A eternidade de Pelé foi construída de 1958 a 1970, do primeiro ao terceiro título mundial do Brasil. Dali para a frente, dos anos 1970 até agora, o Pelé mais influente foi outro: Johan Cruyff (1947-2016). Dos seus pés, no Ajax de Amsterdã, no Barcelona da Espanha e na seleção holandesa que encantaria o mundo com o vice-campeonato de 1974, nasceu o futebol de hoje. De mãos dadas com o treinador Rinus Michels, Cruyff (pronuncia-se Cróif) pôs em prática uma concepção de jogo ancorada na ocupação de todos os espaços, na antecipação e na velocidade, no desrespeito voluntário às posições no gramado, num misto de balé e guerra.
A Laranja Mecânica, como ficou conhecida a seleção holandesa de 1974, movimentava-se como um batalhão, cercando os adversários, adiantando-se em bloco para deixar os atacantes impedidos, como se vê na foto abaixo.
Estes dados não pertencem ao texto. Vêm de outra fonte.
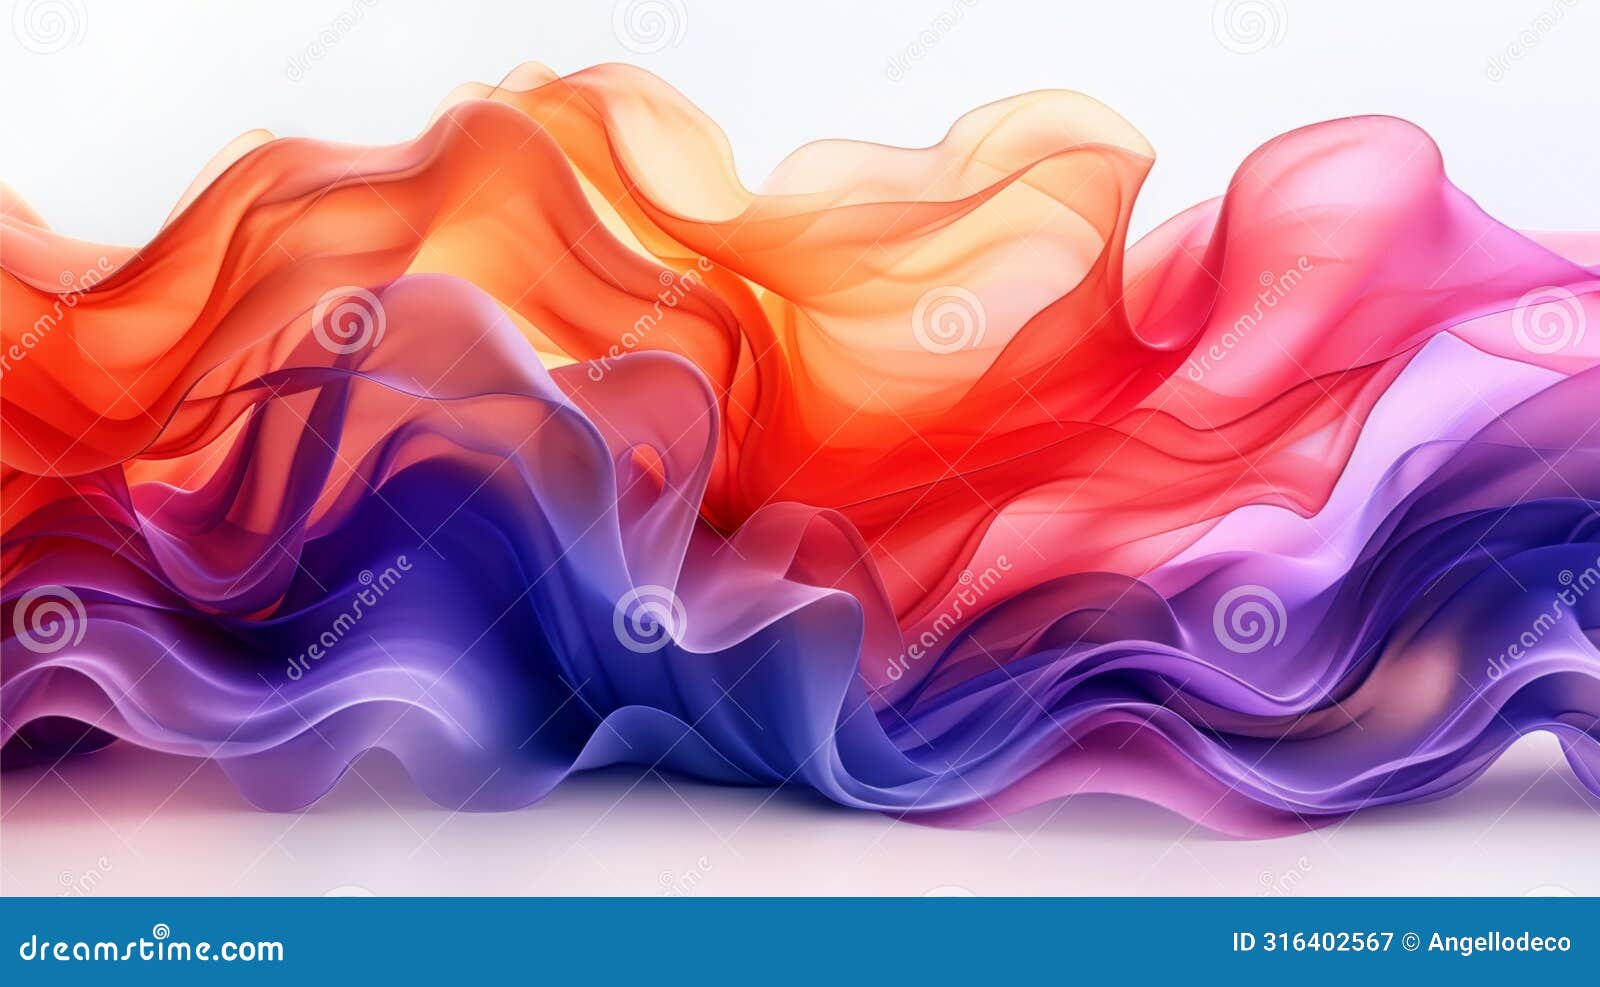 soft abstract ripples in pastel hues of silken fabrics waves of color background

Daquela ideia revolucionária do “futebol total”, brotaria o estilo hegemônico das atuais equipes vencedoras, de posse de bola, muita posse de bola, de intensa troca de passes — embora, ressalve-se, a Copa da Rússia talvez tenha selado o início do fim dessa regra. As três seleções que mais ficaram com a bola — a Alemanha, a Argentina e a Espanha, todas com mais de 64% — saíram cedo do torneio. A campeã, a França, ficou no 18º lugar em possessão. Mas é cedo para decretar o fim de um tempo, que o digam os times treinados por Pep Guardiola, o mais refinado discípulo de Cruyff, que depois de pendurar as chuteiras fez fama e sucesso como treinador.
Deu-se, com os holandeses, o nascimento de outro modo de enxergar o futebol — o esporte como carbono de uma sociedade. Costuma-se associar o futebol brasileiro à irreverência de um Garrincha macunaímico. Talvez nunca tenha sido assim, e certamente não o é nos dias de hoje. O escritor britânico David Winner esgrime uma tese que ajuda a entender por que o “futebol total” é uma bela ideia — gloriosamente holandesa — de nosso tempo. Diz ele: “Ao reinventarem o jogo como uma competição de controle do espaço, Cruyff e Michels estavam inconscientemente recorrendo à cultura nativa. Durante séculos, o povo da Holanda havia encontrado formas inteligentes de pensar, explorar e controlar um território pequeno, de terras lotadas e ameaçadas pelo mar. É sensibilidade que aparece nas telas de Vermeer, Saenredam e Mondrian, na arquitetura e, finalmente, também no futebol”.